Image courtesy of David Chalmers
Your work draws inspiration from the fragility and power of the natural world. Can you tell me more about how your practice is informed by our changing and vulnerable environment?
I grew up in Swansea and along the coasts of Gower and Port Talbot was where I discovered a landscape dominated by the elements and expansive surfaces. It was a space where different senses were heightened; looking back it became an experiential way of learning. At 26 I moved to London for work, which in contrast is an area dominated by people and architecture, so a different kind of physical flow and surface. Having spent time in between the two cities I think the duality of space opened up ideas for new work and increased things I've become fascinated by.
like swimming, concrete, pigment
Installed at Aldama Fabre Gallery, Bilbao, 2015-2017.
Image courtesy of Aldama Fabre Gallery, Bilbao.
A sense of immersion and play intervene throughout your work. We see this with your central work ‘like swimming, 2015-2017’, comprising a navigation of electric blue and yellow buoyancies cast in concrete. Here you skilfully play with the objects materiality to give us a float that will not float. What is significant about the float itself and its utility / function?
I am really interested in the floats’ marks, scratches and bites, which suggest a childlike connection to play but also to fear and anxiety. The floats are borrowed from my local swimming pool, cast and colour matched then returned, with each one having a one-off re-creation. In this way, the marks are traces of an experience where no images are allowed. It is quite a whimsical yet melancholic piece at the same time.
like swimming, concrete, pigment.
Installed at Aldama Fabre Gallery, Bilbao, 2015-2017.
Image courtesy of Aldama Fabre Gallery, Bilbao.
A float is a buoyancy, so there is also a connection to politicised figures in water in today’s society and contemporary media. To float becomes a political act: to be off somewhere, to be floating near something, to be in transit and off the edge. My titles are often ‘off’ the land or off something else, for example ‘hold down (off Biscay)’. The work is in the water, not on the land, and it is off the body.
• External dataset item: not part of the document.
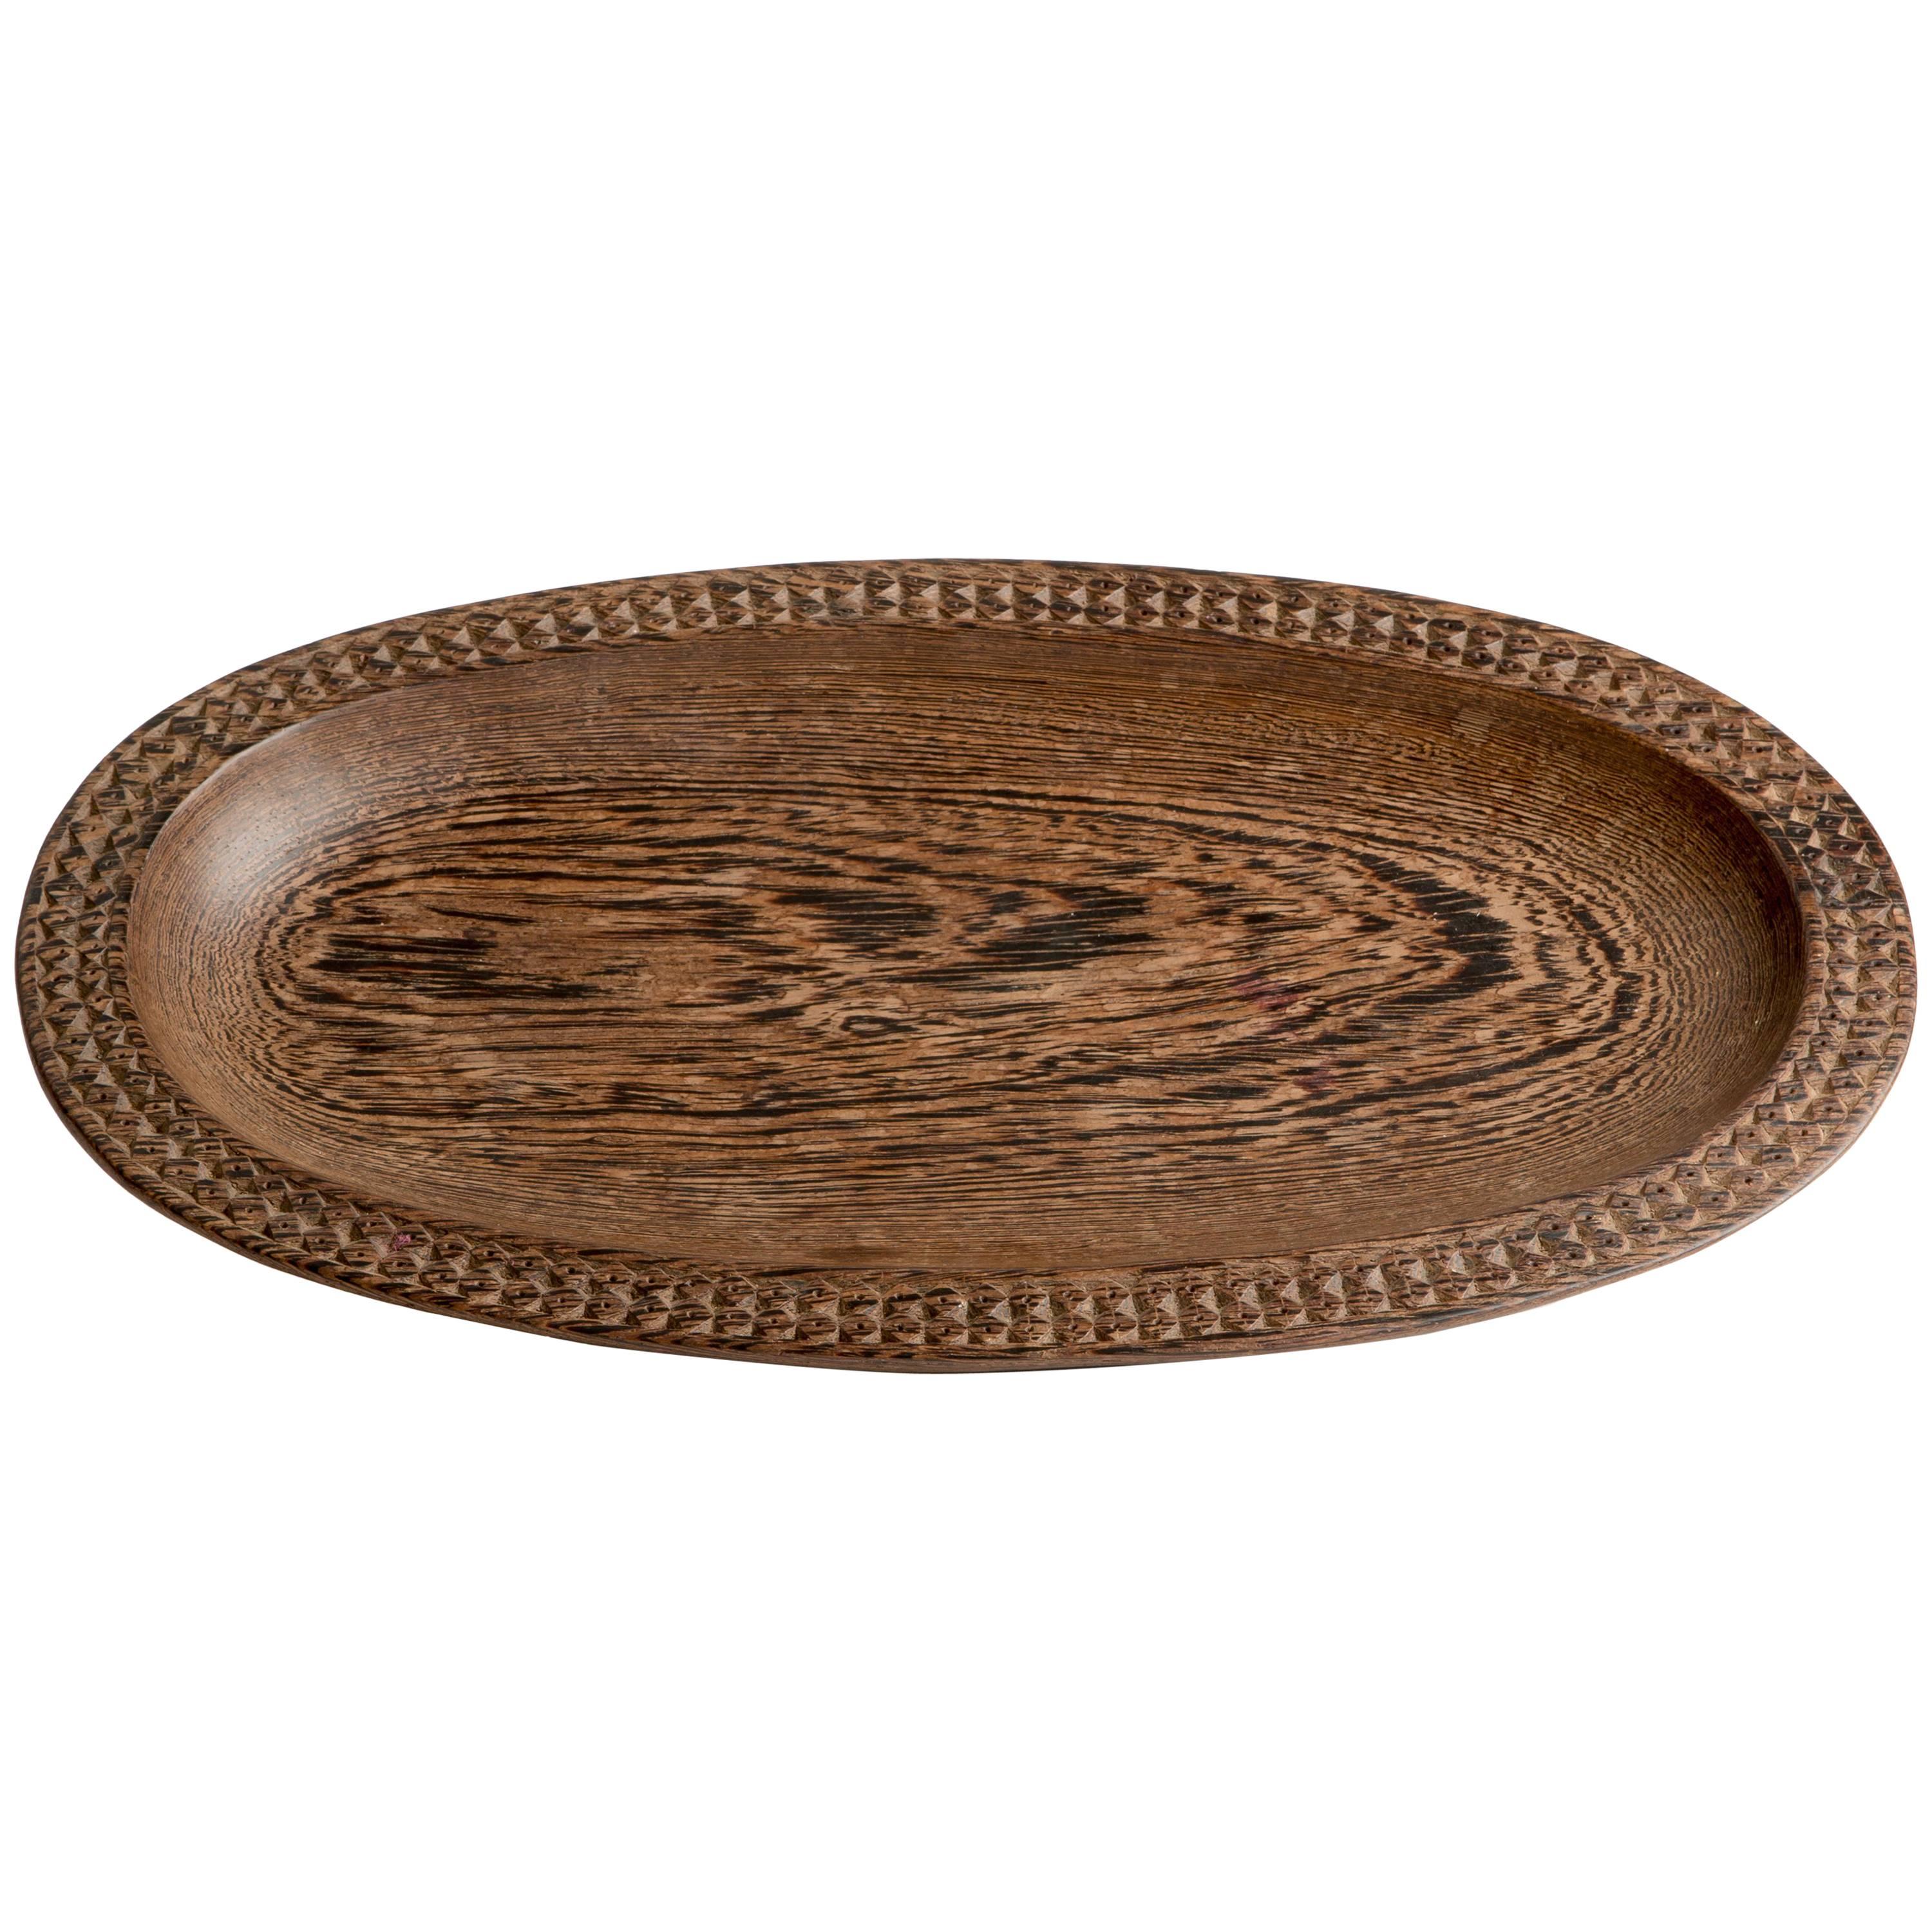 Carved Solid Wood Tray Made of Wenge

surfer’s ear, carved whale ear bone, 2016.
Image courtesy of Aldama Fabre Gallery, Bilbao.
You seem to spend as much time in the landscape as in your Battersea studio, picking through the detritus you find beneath your feet. You have a rare talent as you select and recreate. Can you tell me about what brought you to picking up the objects that feature in your new solo exhibition at Aldama Fabre Gallery, Bilbao, Spain?
I would commonly discover earplugs washed up by the Thames’s tide, and, like the floats, these items sit on the edge of two diverging states: noise and silence. I was fascinated by the bodily intrusion of denying yourself a sense, by ramming a piece of shaped foam into your ear. ‘surfer’s ear’ is hand carved from a found whale ear bone. In using this material, I hoped it would allude to the unknown effect that oceanic noise pollution has on a mammal’s communication. It was also the only part of the whale that would survive the smelting process.
The title refers to a bone growth, which forms through extended periods of immersion in cold water - the human body’s reaction to its environment. The growth is something they've recently found in ancient skeletons, that adds to the controversial ‘aqautic ape theory’ championed by writer Elaine Morgan. I came upon this idea of it being a specific whale ear bone material. Upon researching the idea of the whale ear bone further, things linked together and it made sense.
netsuke, carved rams horn, black buffalo horn, mammoth tusk (in collaboration with Peter Welsh), 2015. Image courtesy of Aldama Fabre Gallery, Bilbao.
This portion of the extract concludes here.